Reopened in May 2012, the Arcadian Court is now a part of a larger event complex (which now includes the neighboring Arcadian Loft) called "Arcadian", which is operated by Oliver & Bonacini Events. The renovations were carried out by architecture firm DeSignum Design. The renovations have stripped back layers of walls and flooring that have been added over the years, reclaiming approximately 5 ft of the perimeter. The arches were also restored. Eight of the 16 grand arches in the mezzanine that were closed off in past renovations were reopened and the squared-off arches were restored. The renovations added 4 ft in height to the remaining eight.

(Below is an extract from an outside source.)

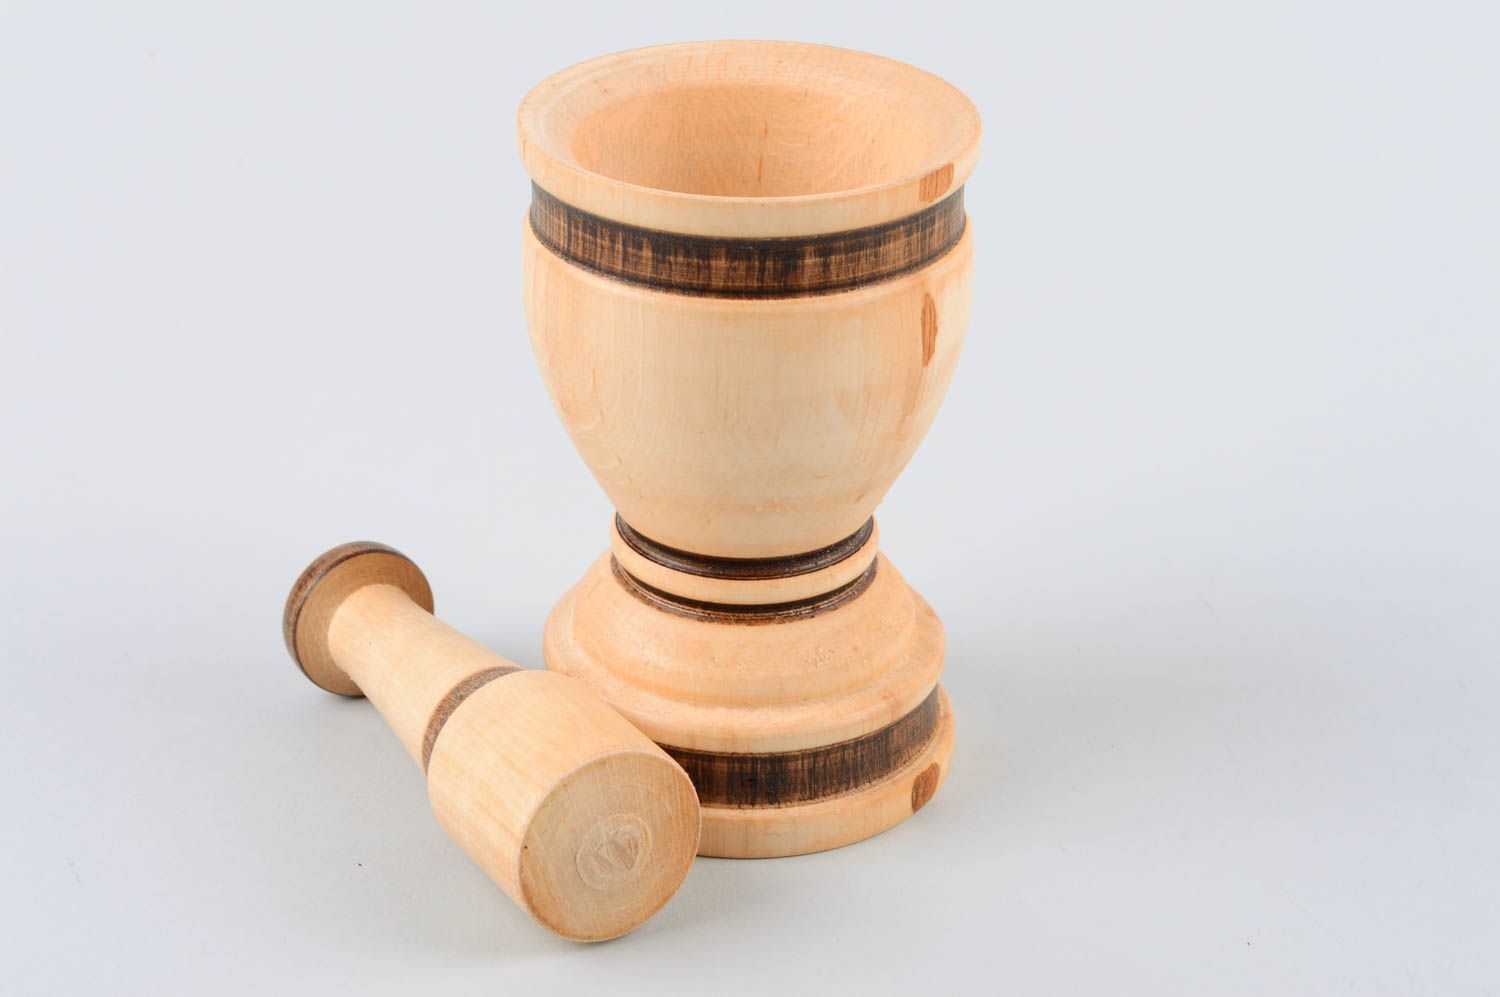 Handmade wooden mortar and pestle wooden hand spice grinder kitchen accessories photo 2
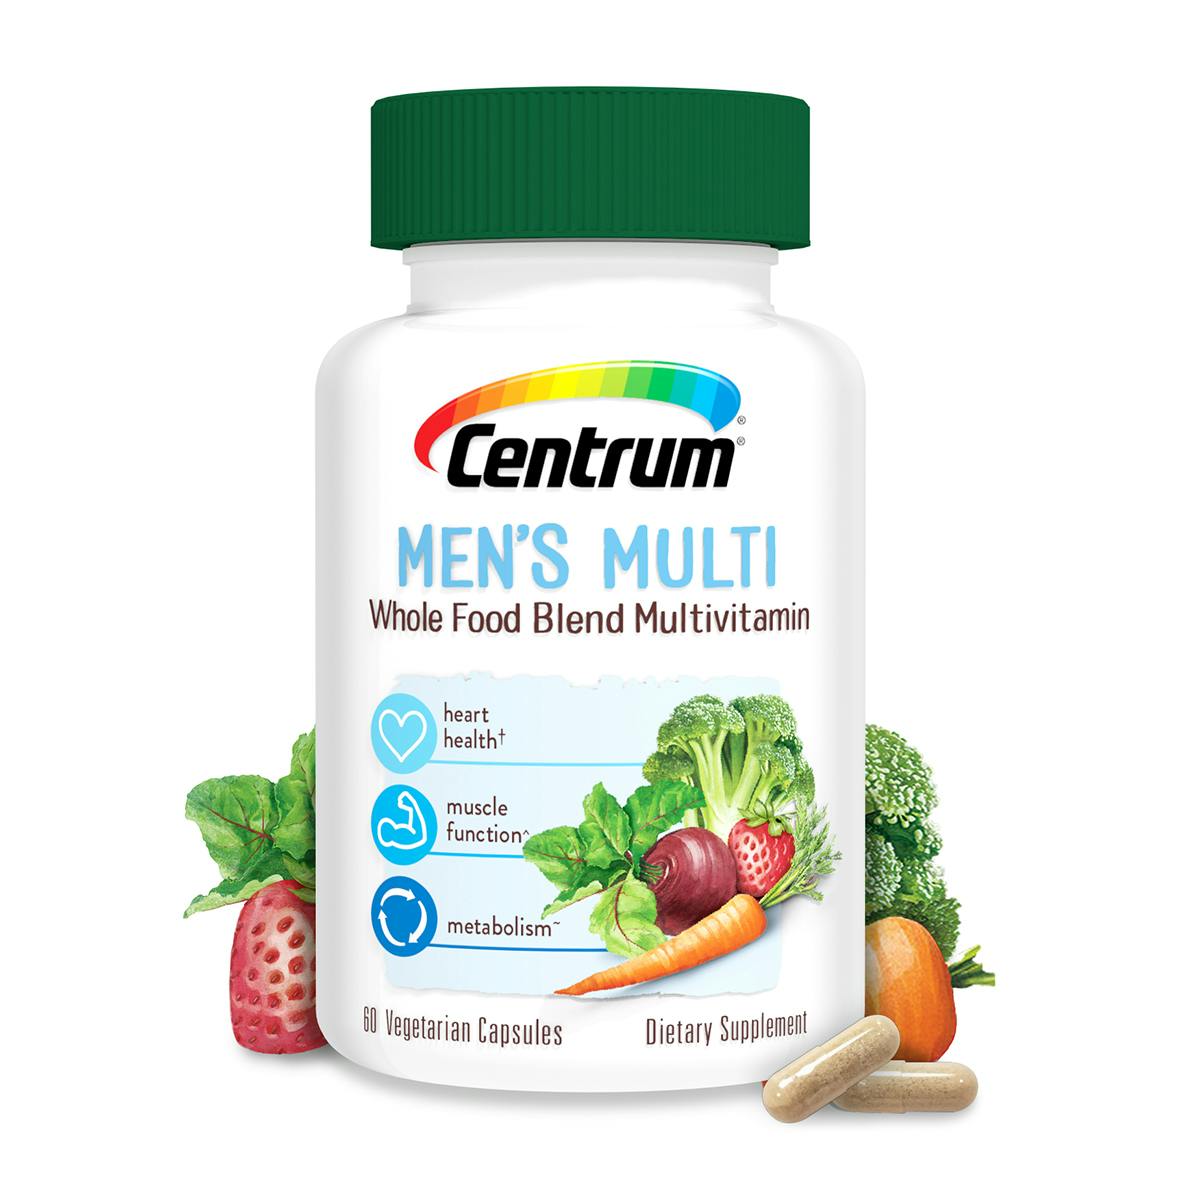 Bottle of Centrum Men’s Whole Food Blend Multivitamins

The Court is now 8086 ft2 with improved acoustics, new chandeliers that are a deconstructed take on the original Lalique crystal chandeliers and an opened-up mezzanine.

The "Arcadian Court" name carried on as a brand name for other restaurants operated in Bay stores, though none were as opulent or exclusive as the Toronto original was. The Arcadian Court also figures prominently in Margaret Atwood's novel The Blind Assassin, as the center of Toronto's high society to which Iris Chase Griffen is introduced. On November 18, 2022, Trinity College at the University of Toronto hosted its 85th annual Saints Ball at the Arcadian Court, a prestigious philanthropic event that supports a different charitable cause every year.